OERC rejects Tata Power plea on review of CESU order

The commission while vesting CESU employees with TPCODL has given full protection to their services so that they will in no way be inferior to the existing service conditions.
For representational purposes ( File photo | EPS)
For representational purposes ( File photo | EPS)

BHUBANESWAR: The Odisha Electricity Regulatory Commission (OERC) has dismissed the petition filed by Tata Power seeking review of its May 26, 2020 order vesting the management of the erstwhile Central Electricity Supply Utility (CESU) to TPCODL.“If a party is aggrieved of a judgment, it must approach the higher court but entertaining a review to re-consider the case would amount to exceeding its jurisdiction, conferred under the limited jurisdiction for the purpose of review,” the commission said.

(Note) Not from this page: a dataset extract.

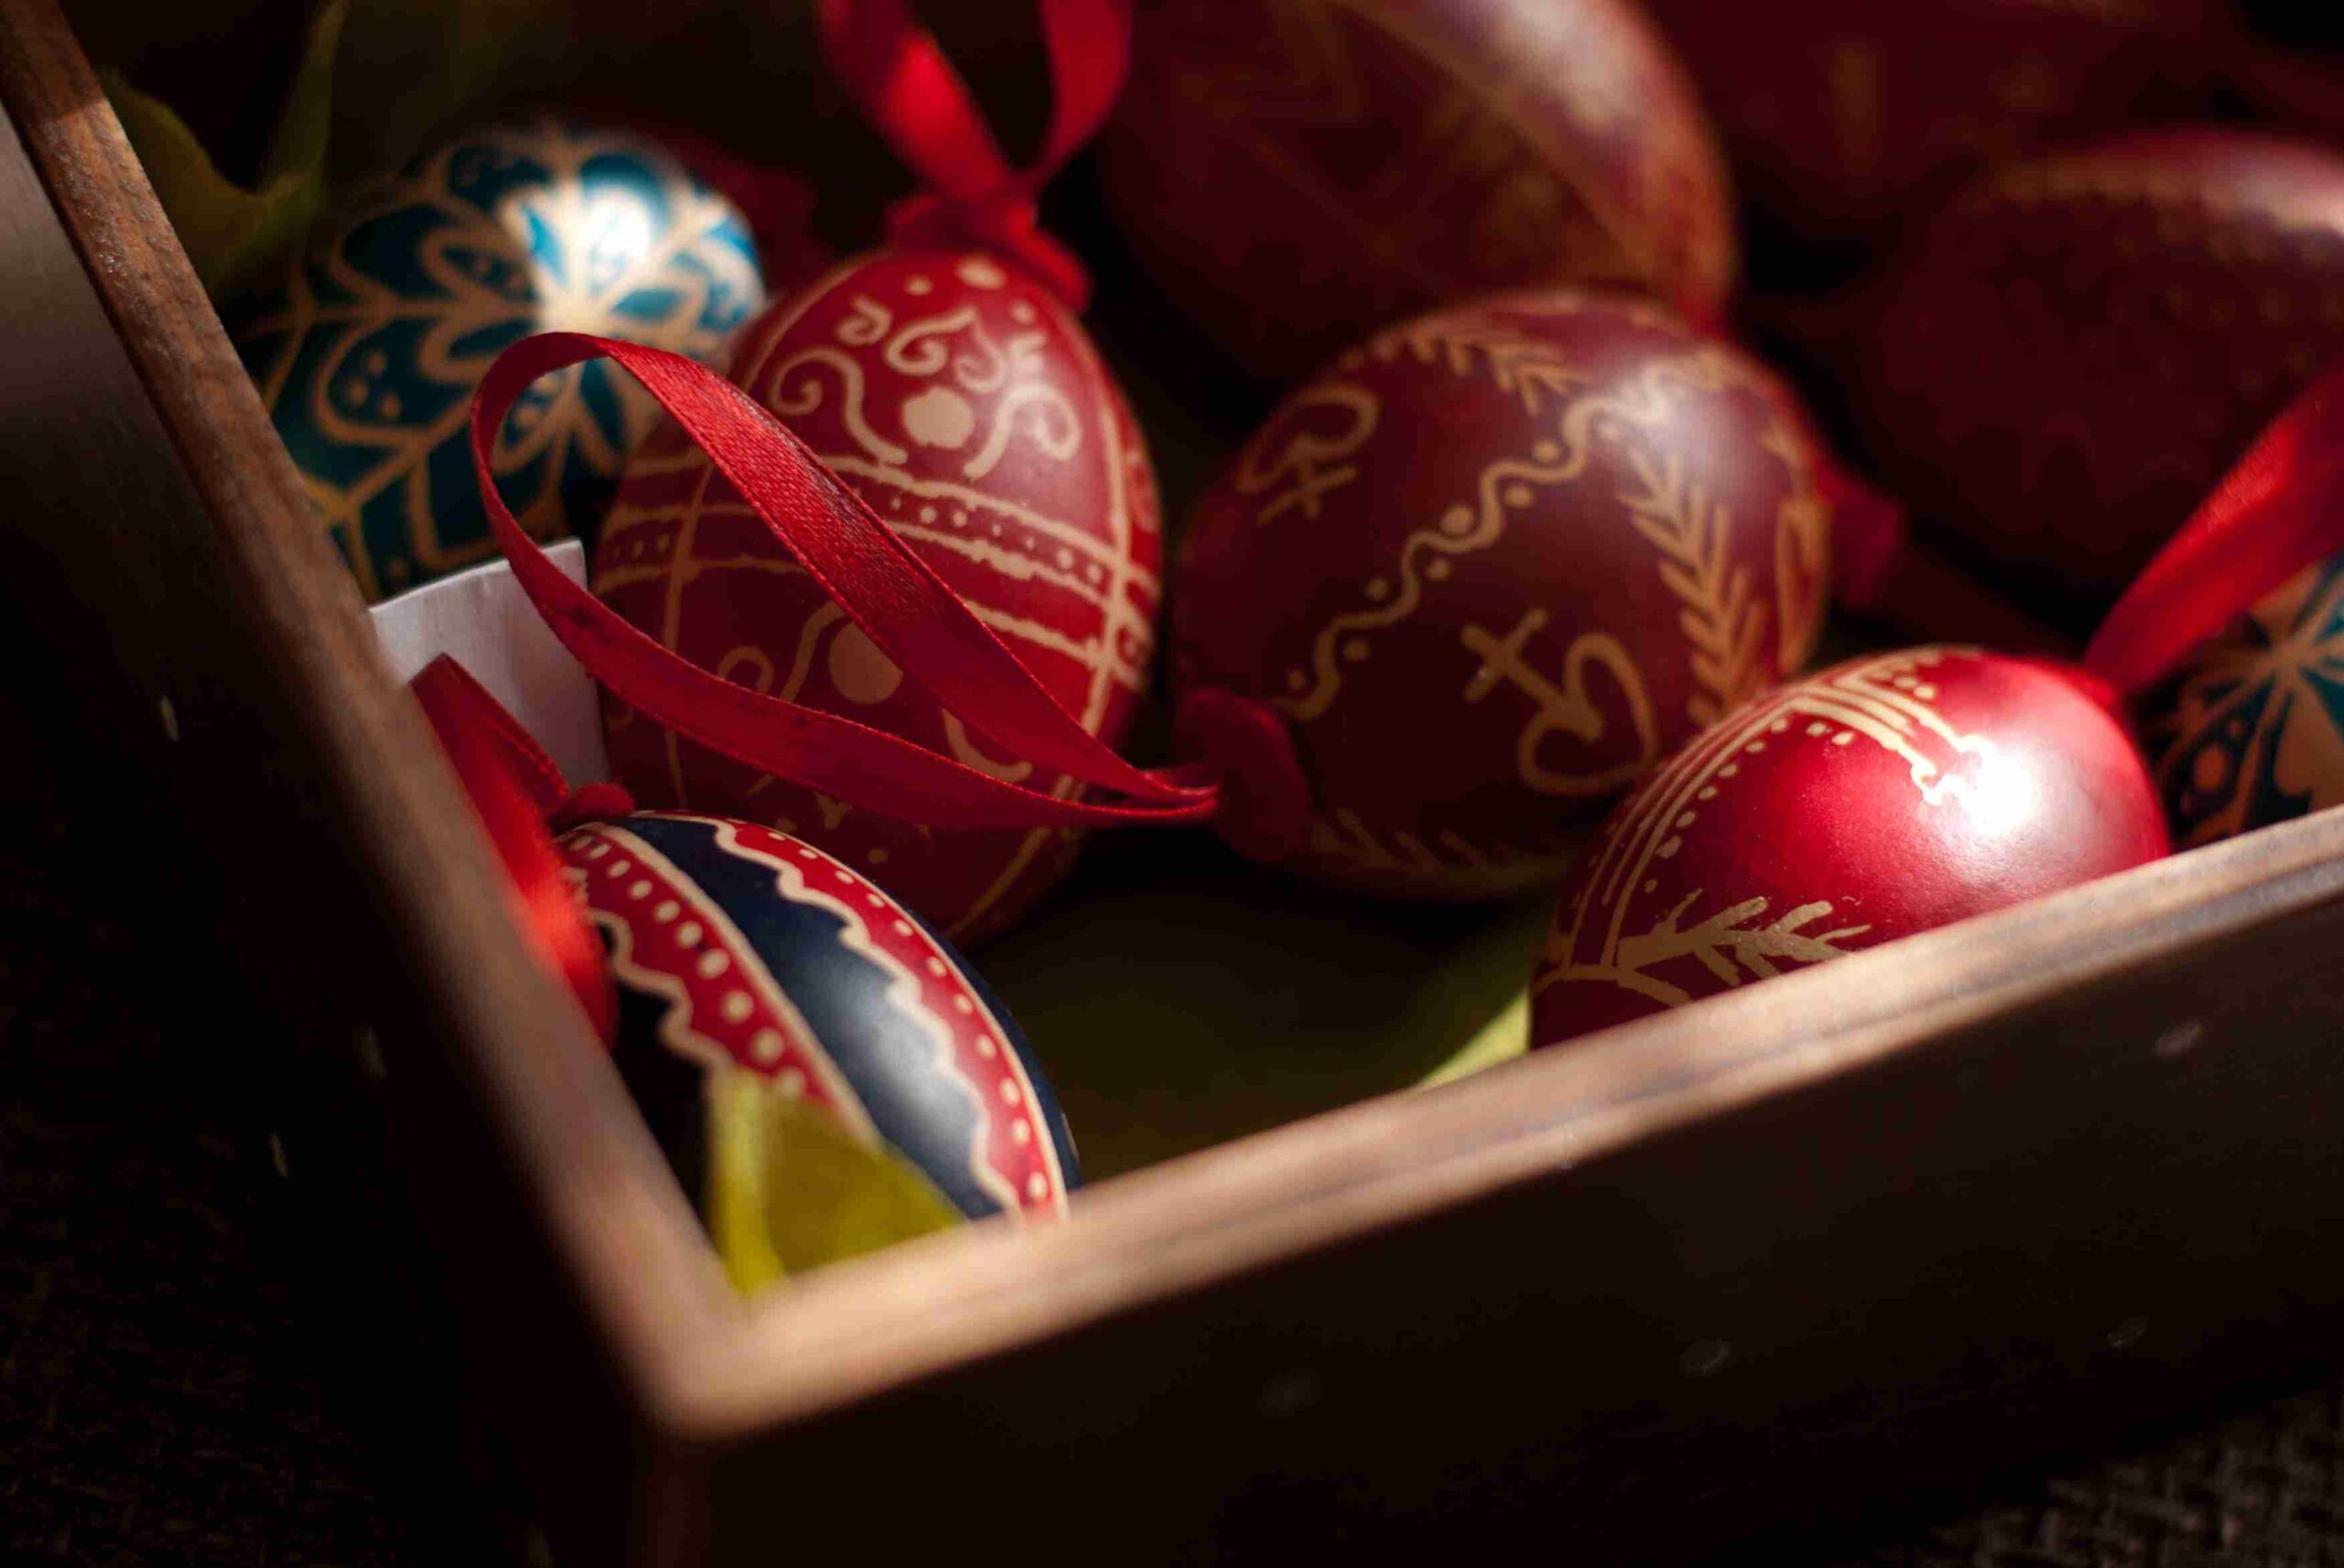 Uskršnja crvena jaja/ Easter eggs
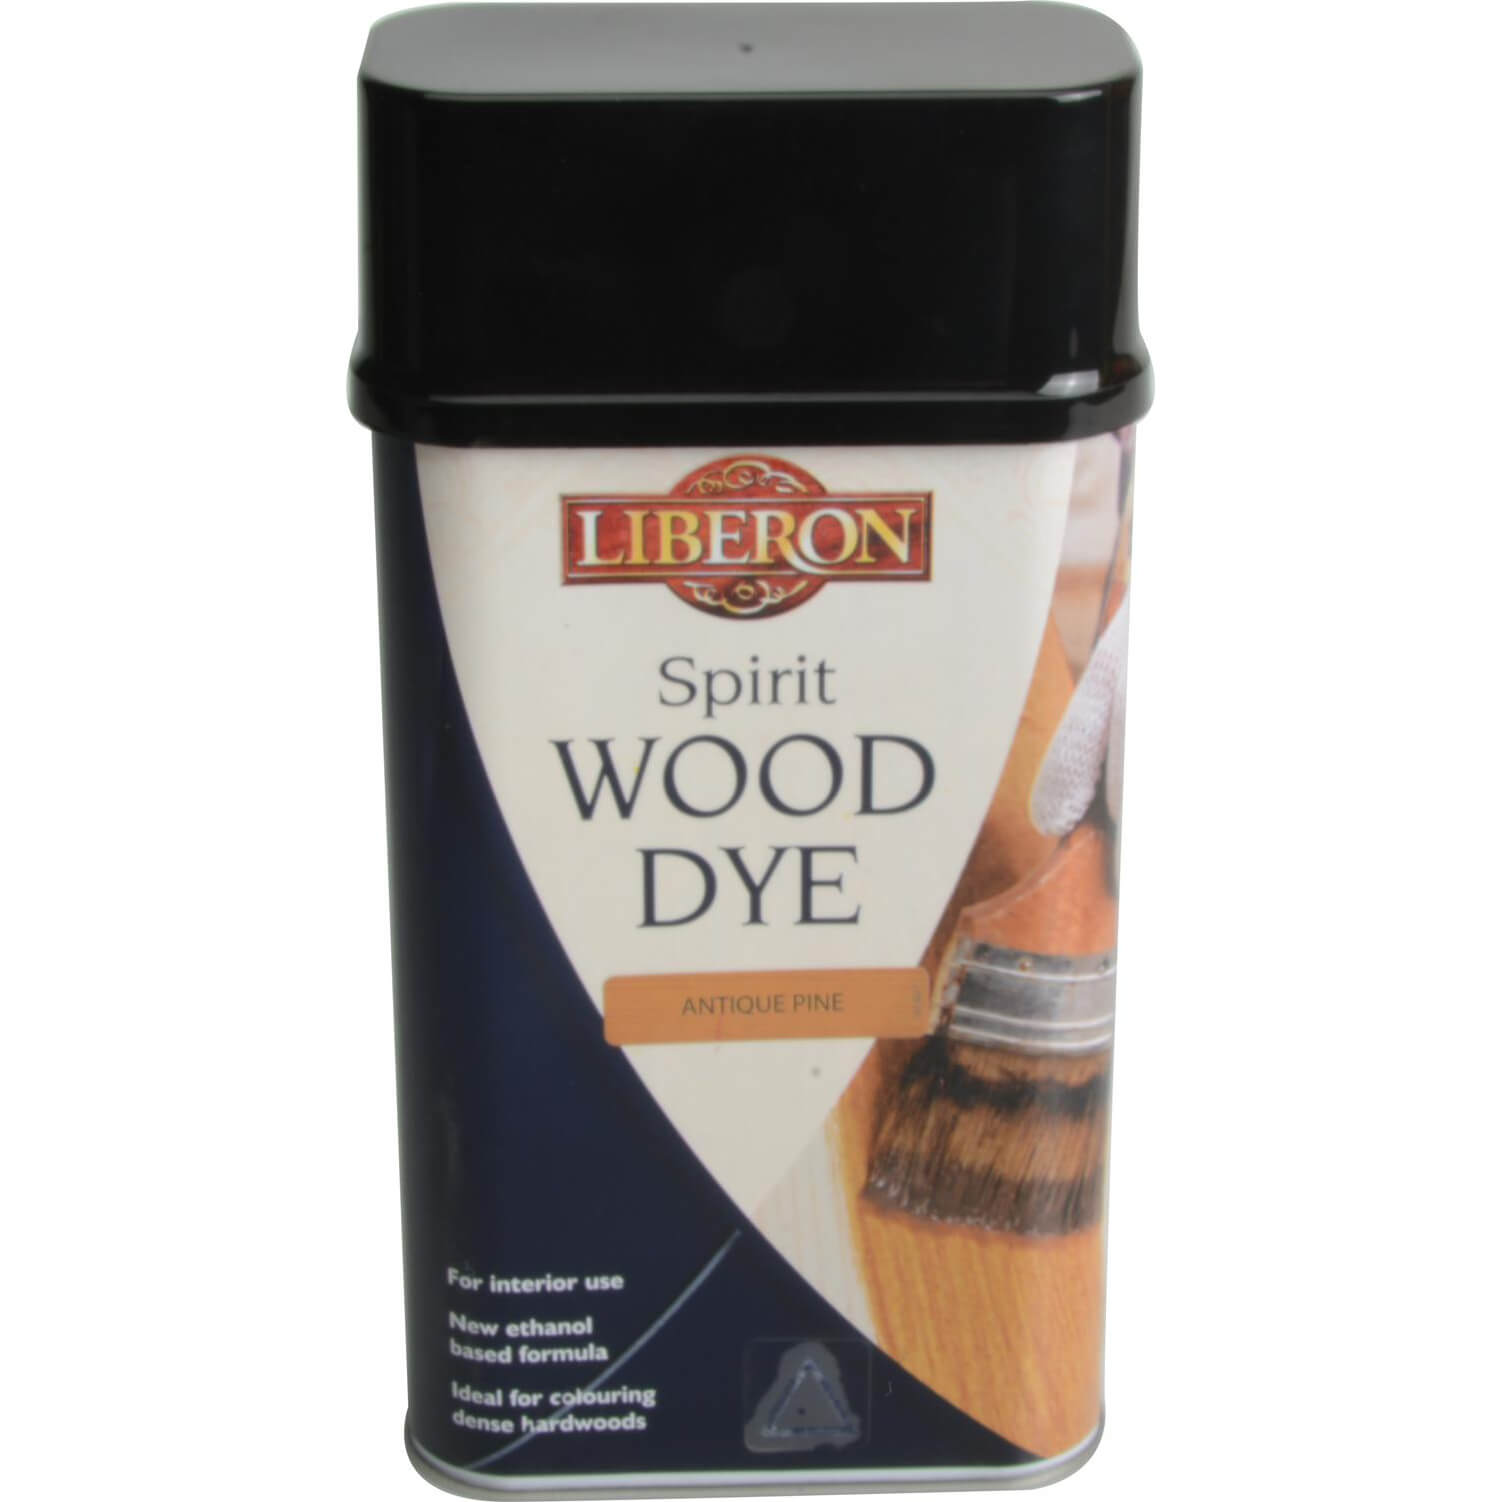 Image of Liberon Spirit Wood Dye Antique Pine 1l

The Tata Power Company Limited (TPCL) has sought review of the vesting order shortly after taking over the management of CESU. The petitioner had raised objections to almost all the points it had agreed upon for takeover of the utility that has now been renamed as Tata Power Central Odisha Distribution Limited (TPCODL).

The petitioner had objected to the imposition of obligation to provide security in the form of corporate guarantee to secure the bulk supply price (BSP) bill of State-owned Gridco and transmission charges of OPTCL. The commission while vesting CESU employees with TPCODL has given full protection to their services so that they will in no way be inferior to the existing service conditions.

Demanding more operational flexibility to ensure efficiency in operation and staff deployment, TPCODL had contended that such conditions in the vesting order is not just arbitrary and unfair but is also likely to expose the petitioner to expensive and unnecessary litigation because of the vague and subjective nature of such direction.

TCPL has also objected to the aggregated technical and commercial (AT&C) loss trajectory for five years for tariff determination and linked the same to the performance of the company. The other objections raised by the company included transfer of the additional serviceable liabilities to TPCODL, transfer of unfunded employee liabilities and restrictions on use of fixed deposits. 

“We observe that TPCL has sought review of the order mainly on the grounds which are based on assumptions, surmises and conjectures. The petition mainly relies on perceived grounds that the vesting order is inequitable, unjust, unreasonable, arbitrary, in violation of principles of natural justice or contrary to the Act and Regulations as well as the conditions of the license,” the order said. Since there is no merit in the review petition, it is dismissed as devoid of merit, the commission said.